• [Brief]: Reproduce the data below word for word, setting aside any picture it holds.

• [Exercise data]:
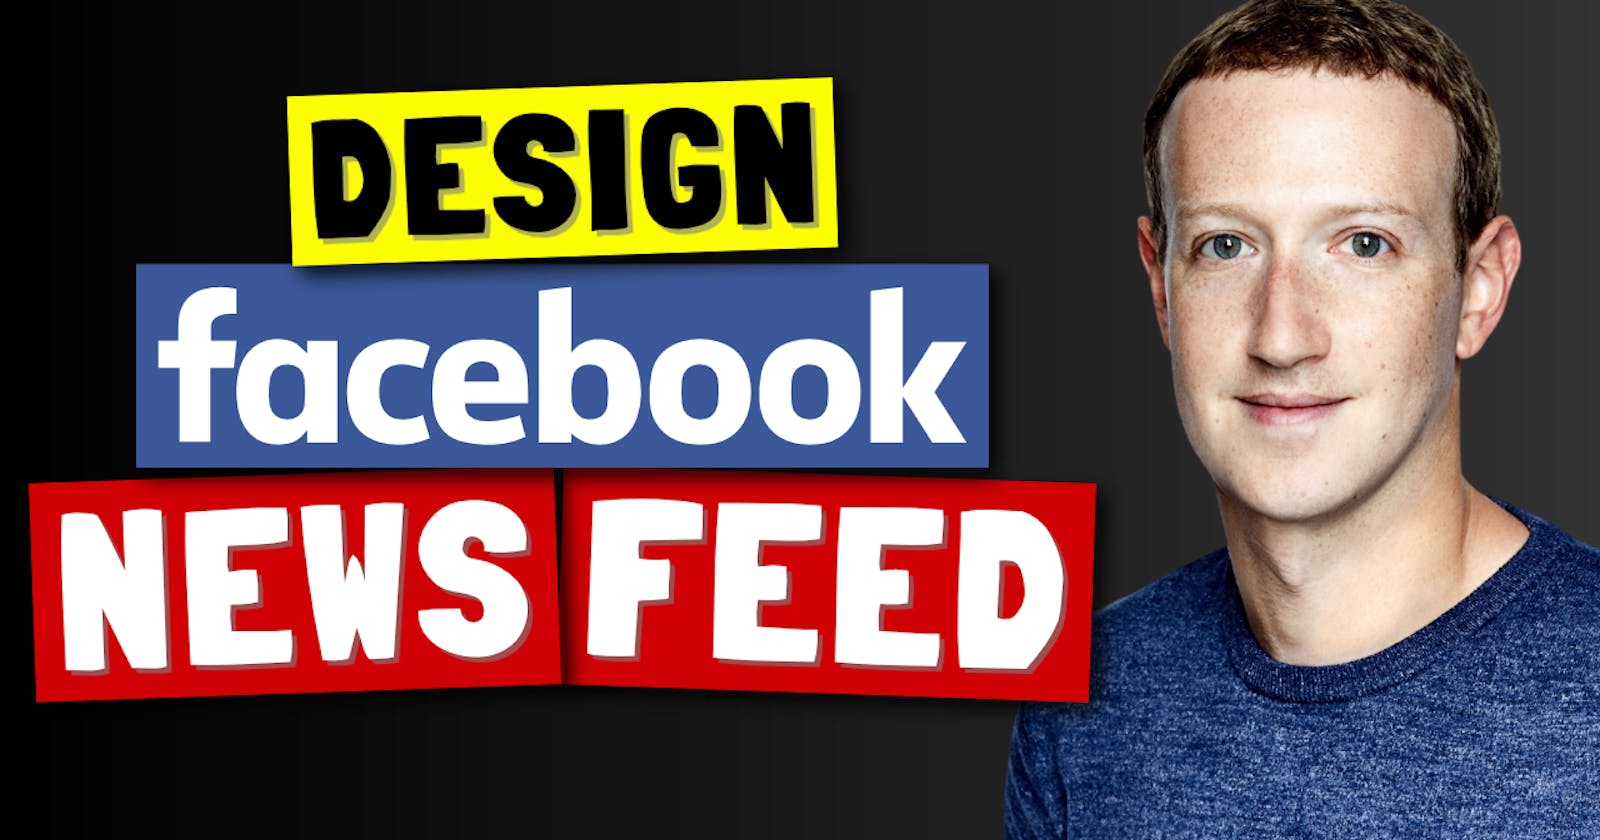 Design Facebook News Feed | Instagram | Twitter | System Design & Architecture
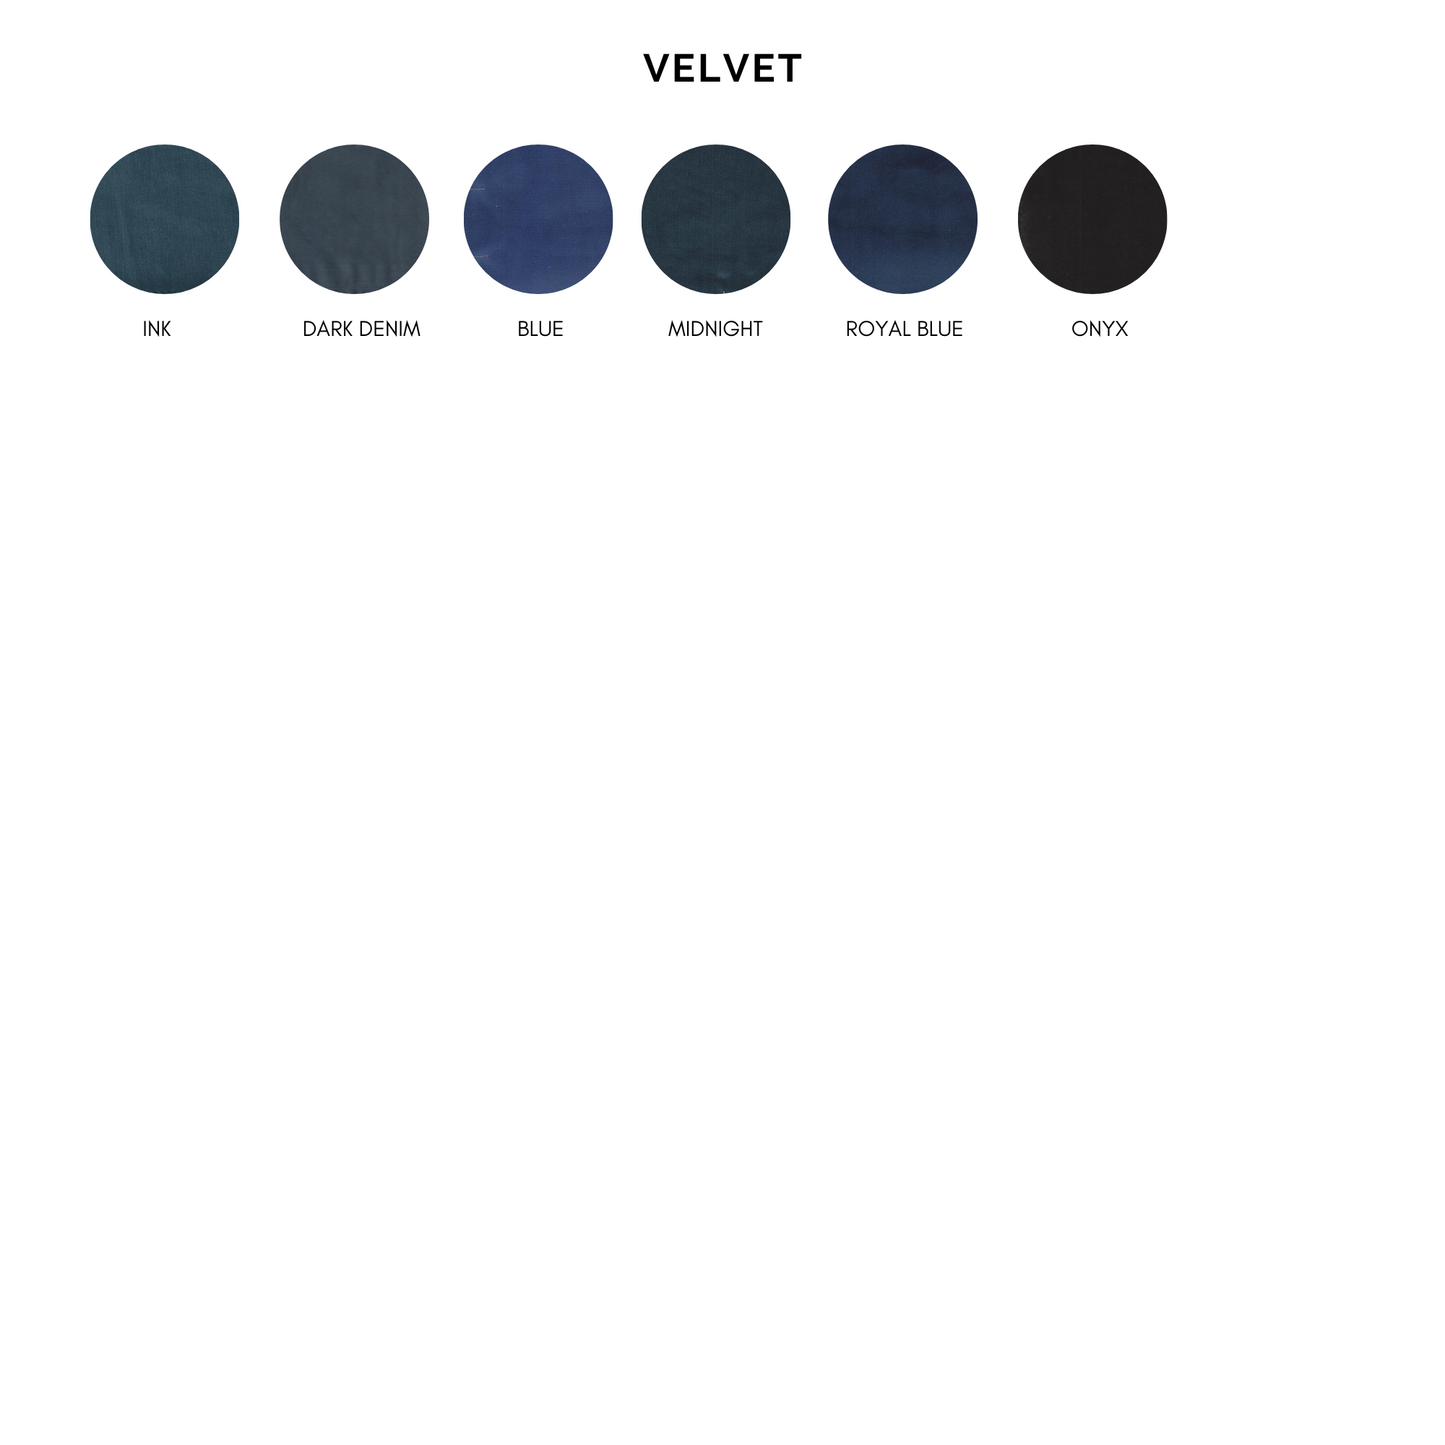 Kloof Sofa - Velvet Fabric - Elula Furniture
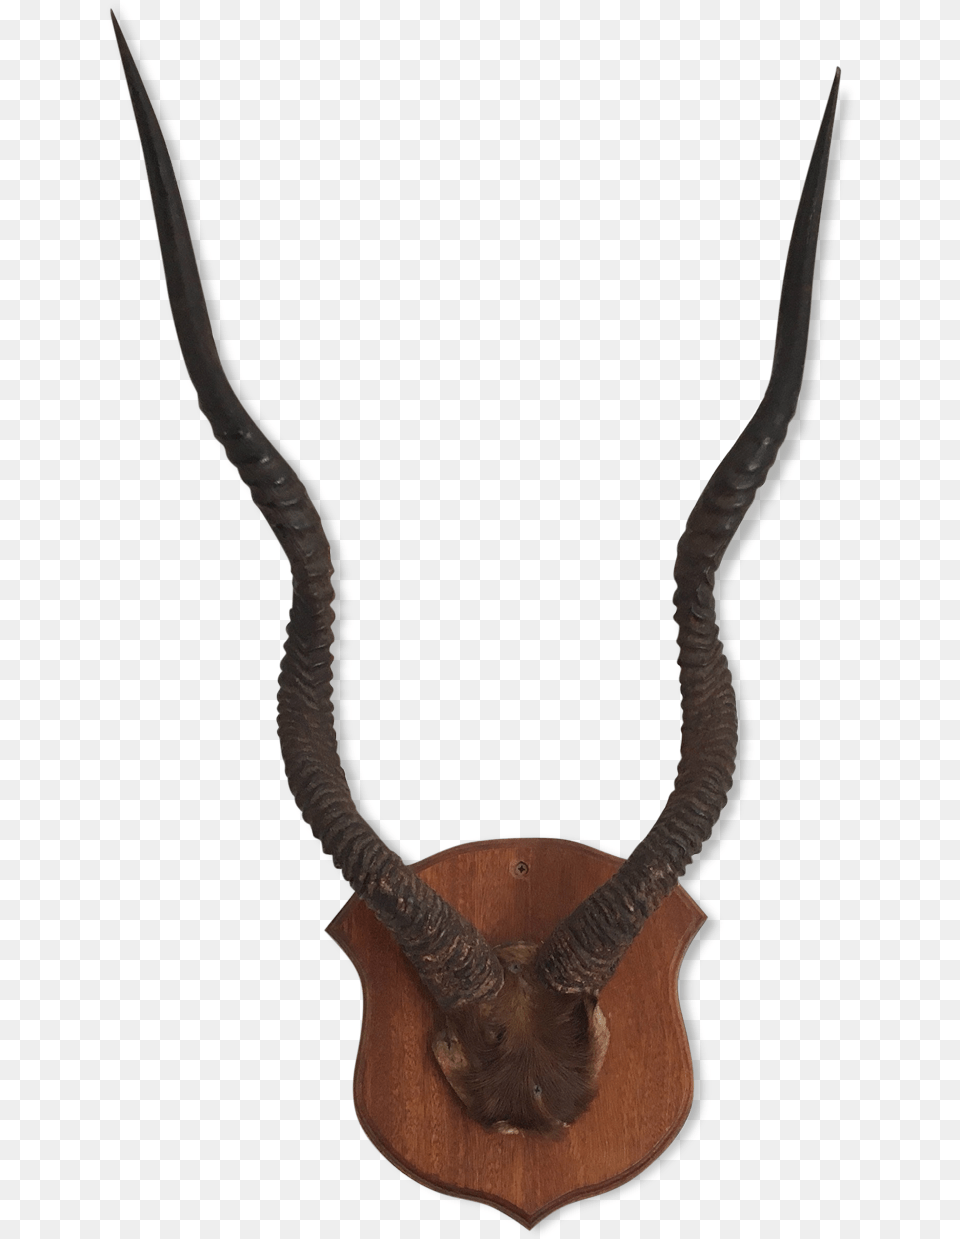 Horn Antelope Or Gazelle Horns Corne De Gazelle Animale, Animal, Impala, Mammal, Wildlife Png
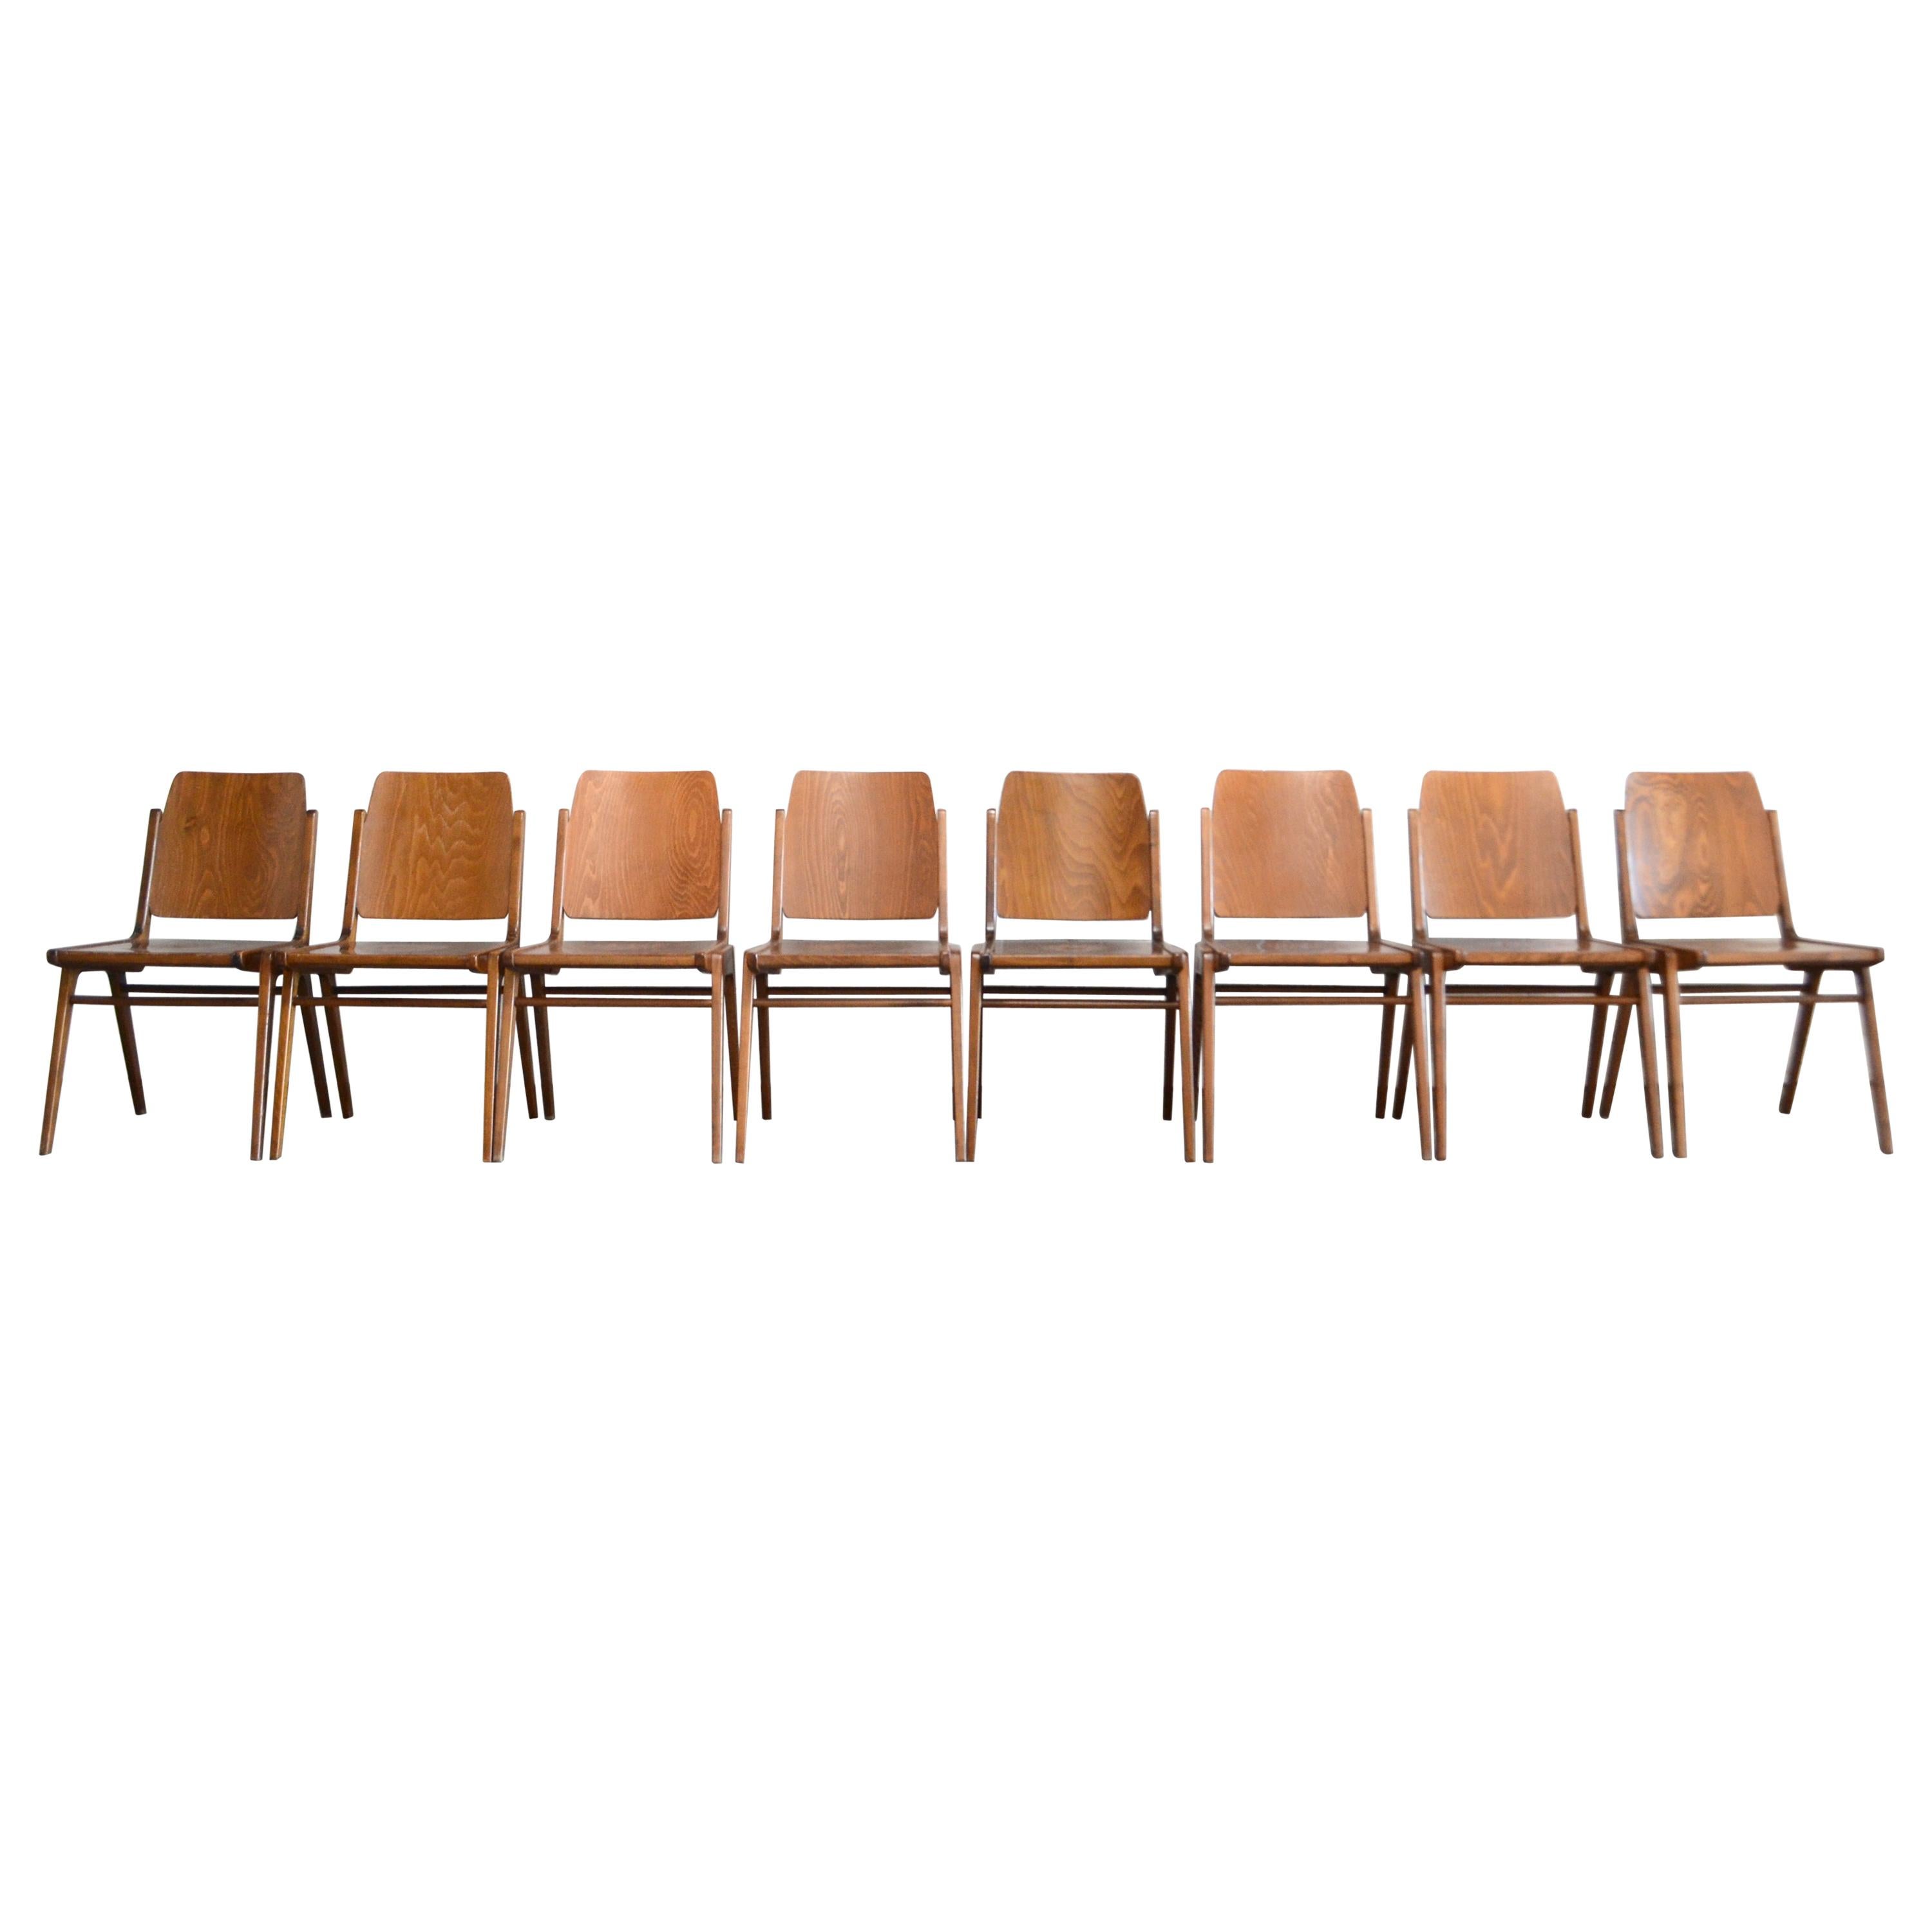 8 Set of Original Austro Chairs by Franz Schuster for Wiesner Hager Austria 1959

• [Exercise result]:
 Design Facebook News Feed | Instagram | Twitter | System Design & Architecture
 Kloof Sofa - Velvet Fabric - Elula Furniture
 Horn Antelope Or Gazelle Horns Corne De Gazelle Animale, Animal, Impala, Mammal, Wildlife Png
 8 Set of Original Austro Chairs by Franz Schuster for Wiesner Hager Austria 1959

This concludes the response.